*What you should do*: Return all of the data exactly, omitting any images.

*Information supplied*:
^^^^

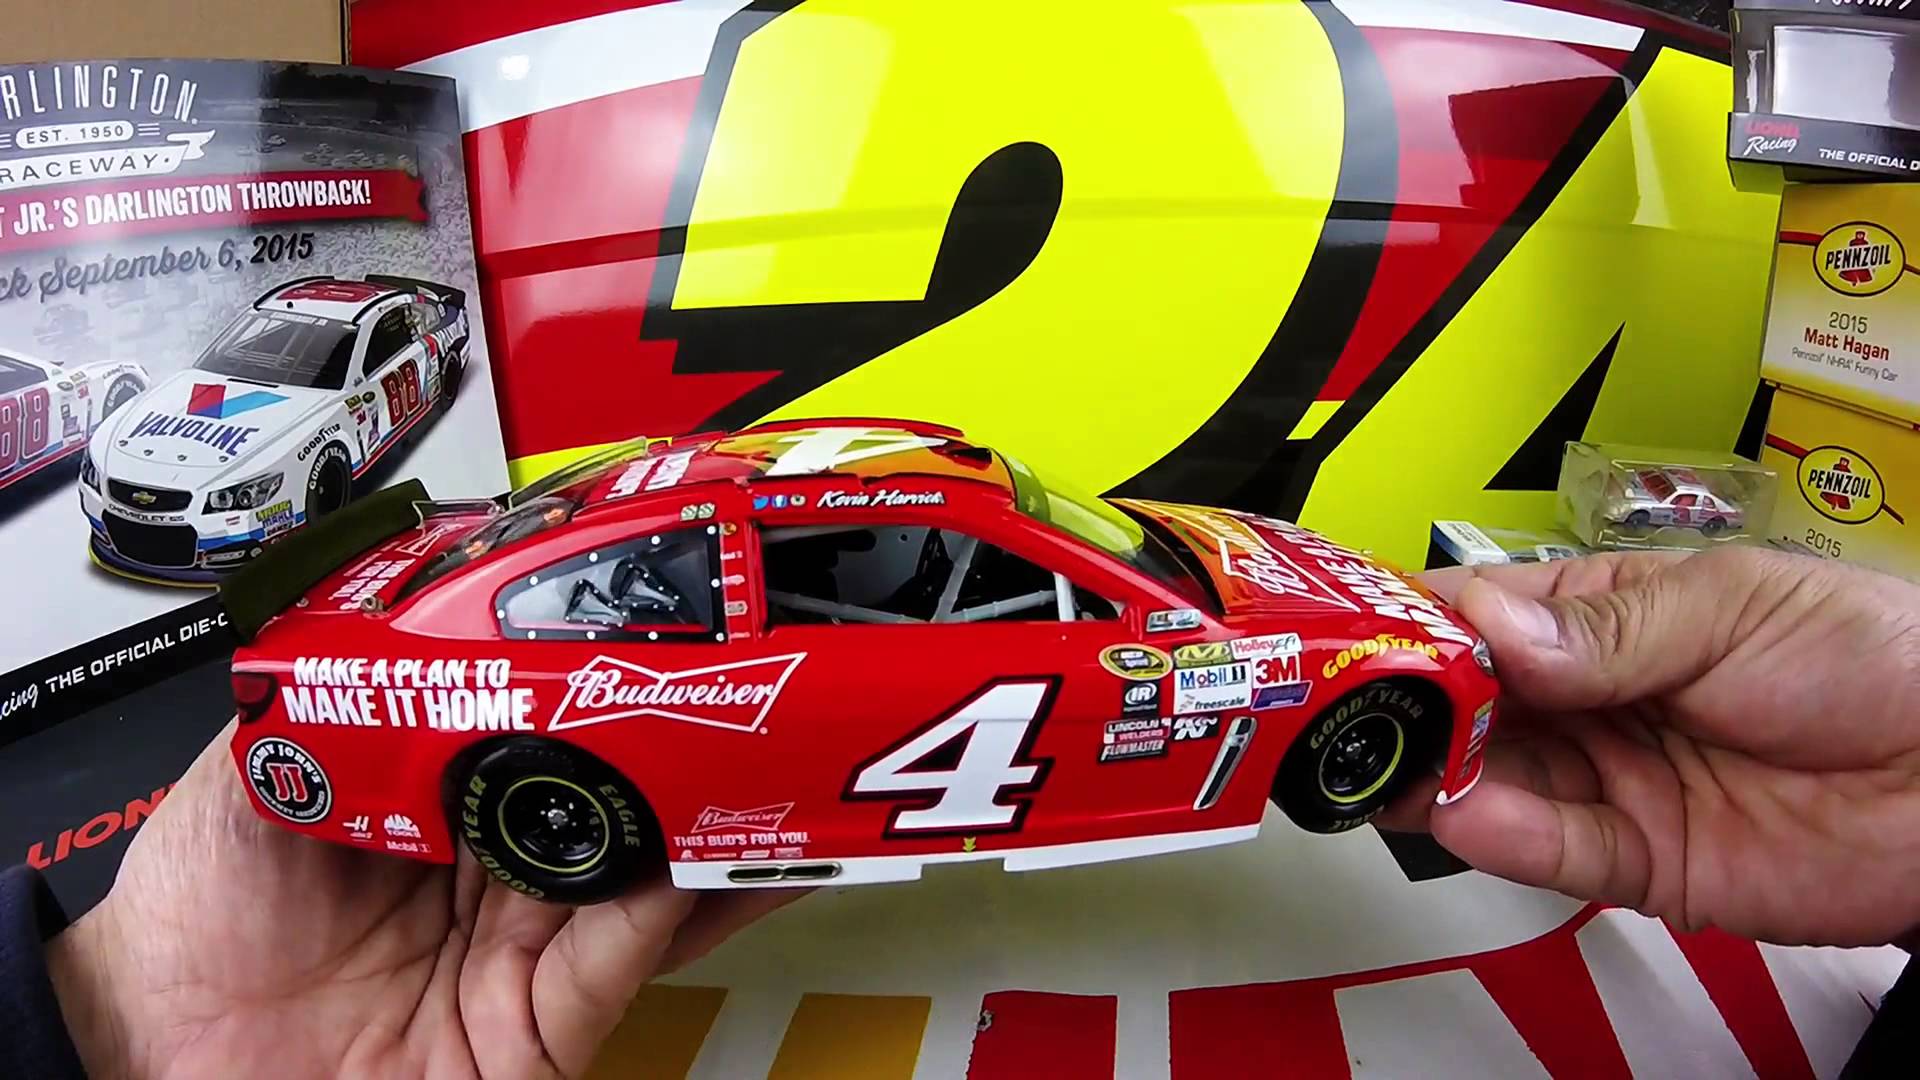 Unbxoing the 2015 Kevin Harvick Make a Plan 1/24 NASCAR Diecast
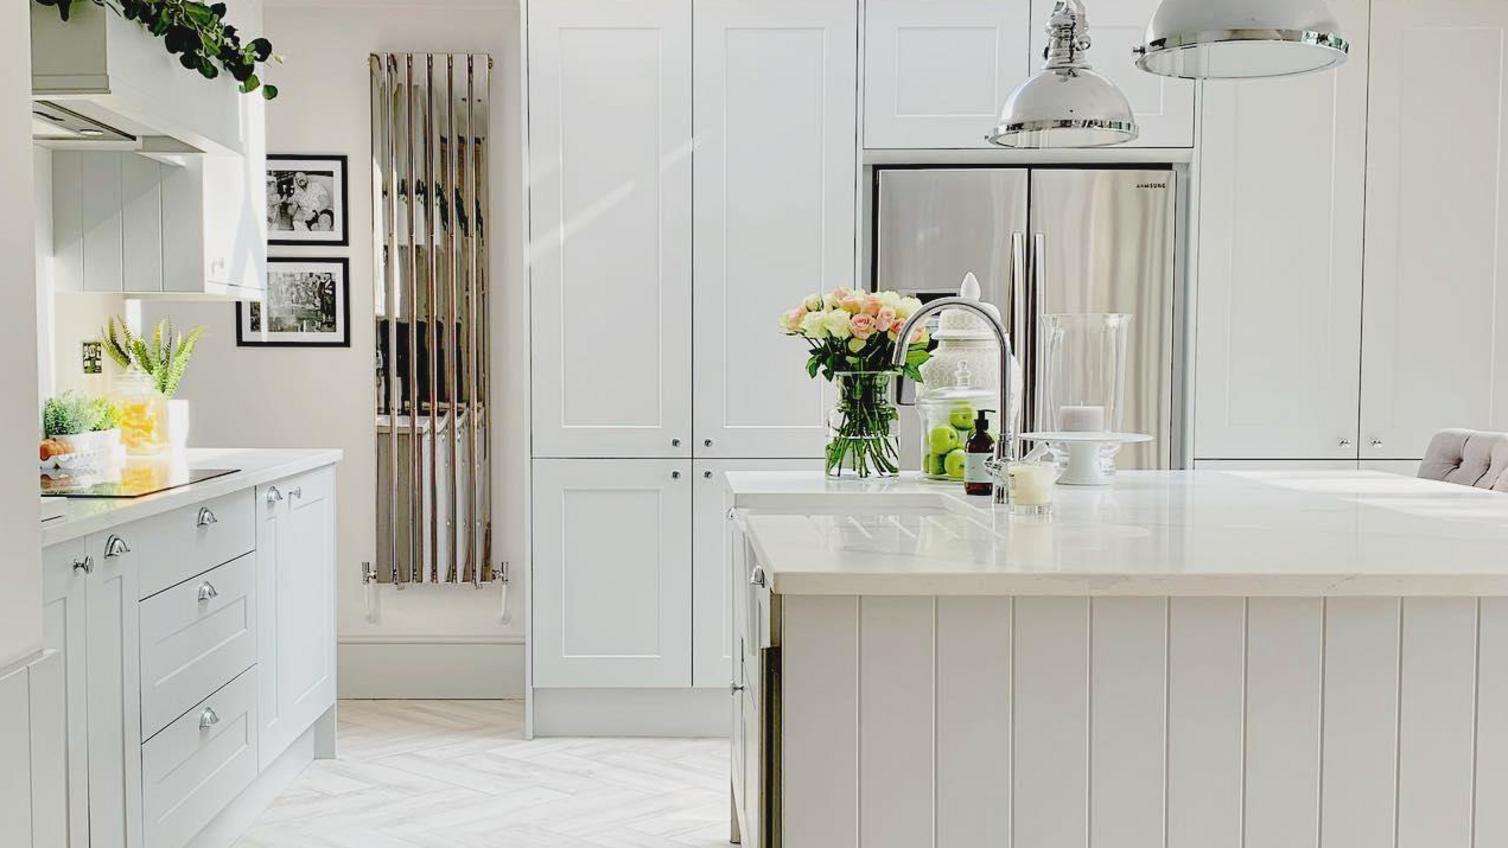 Light grey classic kitchen idea with island layout, panelling, chevron flooring and chrome fixtures.
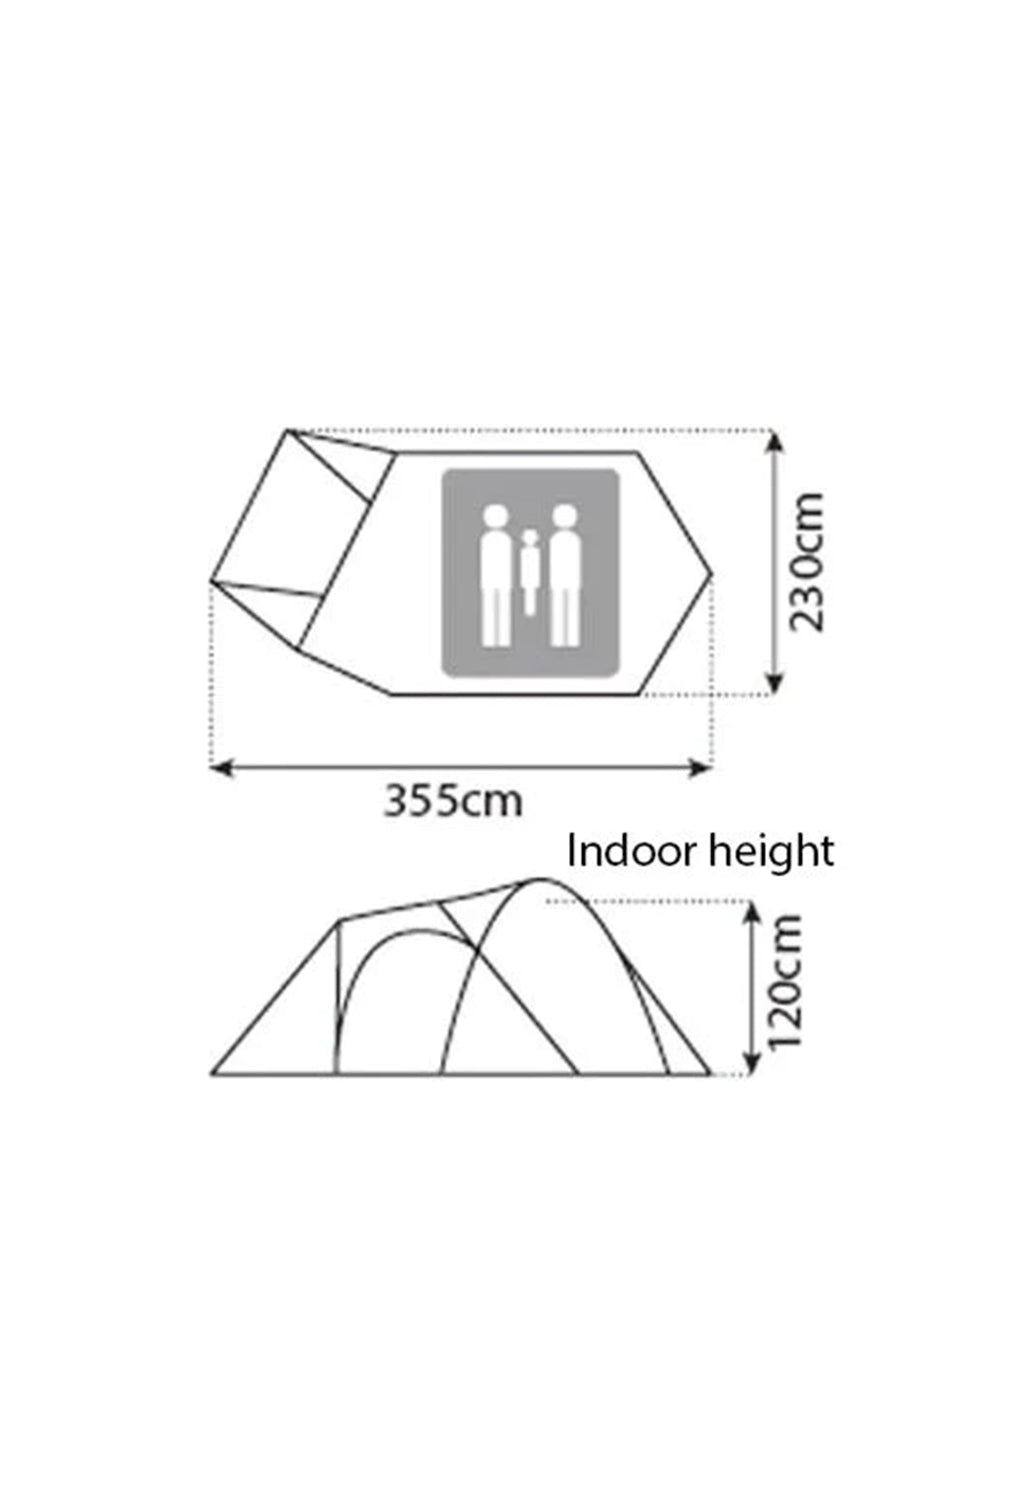 Snow Peak Amenity Dome S Tent - First Camp Rental
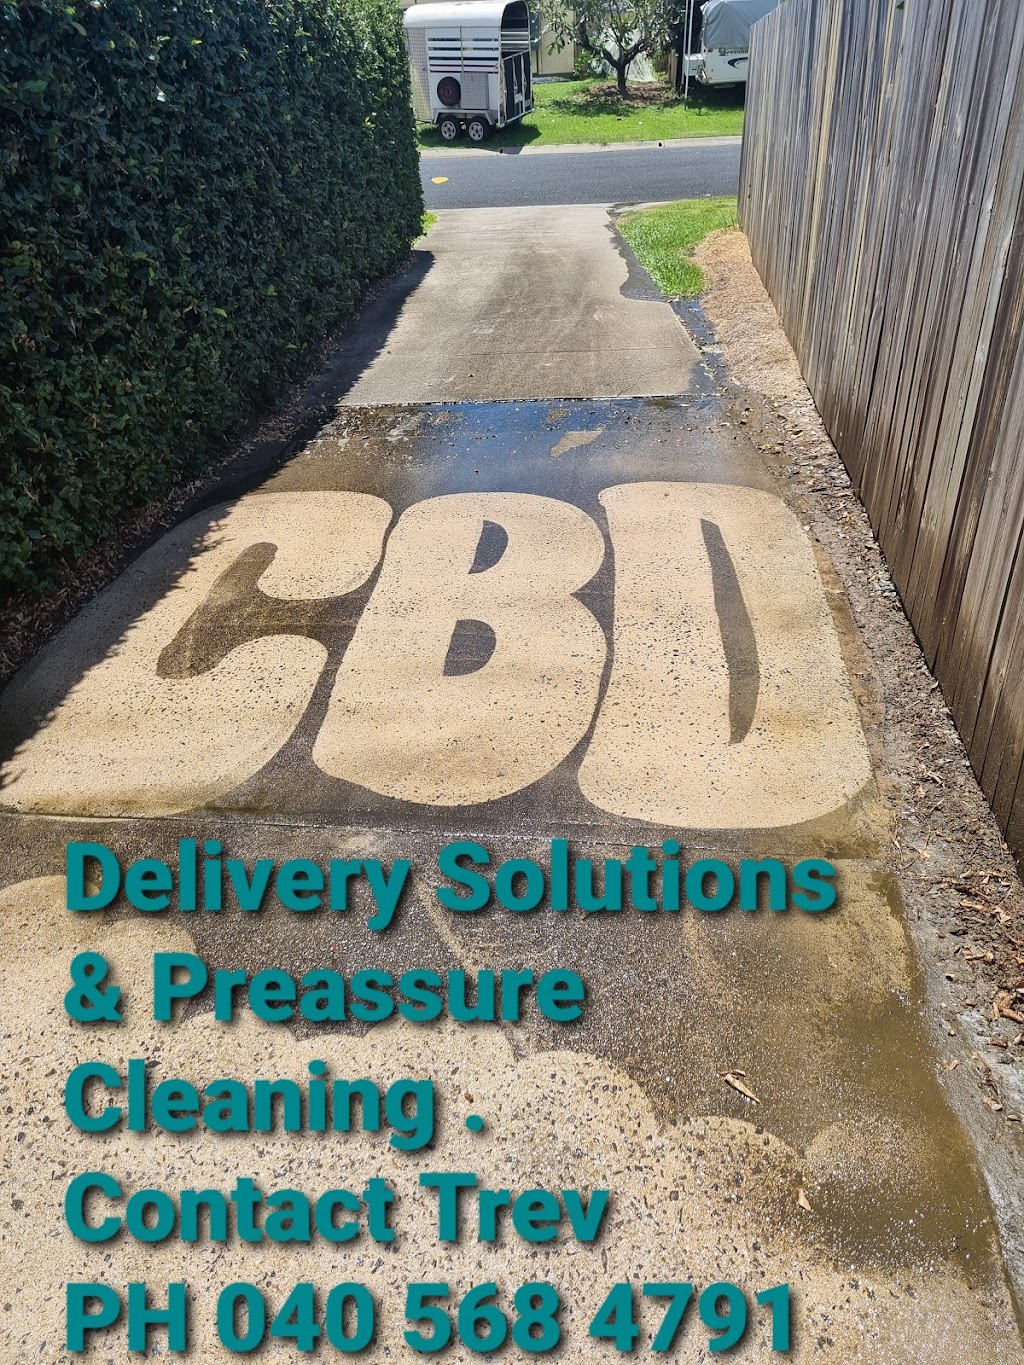 CBD DELIVERY SOLUTIONS AND PREASSURE SERVICES | general contractor | 29 McBride St, Redlynch QLD 4870, Australia | 0405684791 OR +61 405 684 791

^^^^

*Response to the task*:
 Unbxoing the 2015 Kevin Harvick Make a Plan 1/24 NASCAR Diecast
 Light grey classic kitchen idea with island layout, panelling, chevron flooring and chrome fixtures.
 Snow Peak Amenity Dome S Tent - First Camp Rental
 CBD DELIVERY SOLUTIONS AND PREASSURE SERVICES | general contractor | 29 McBride St, Redlynch QLD 4870, Australia | 0405684791 OR +61 405 684 791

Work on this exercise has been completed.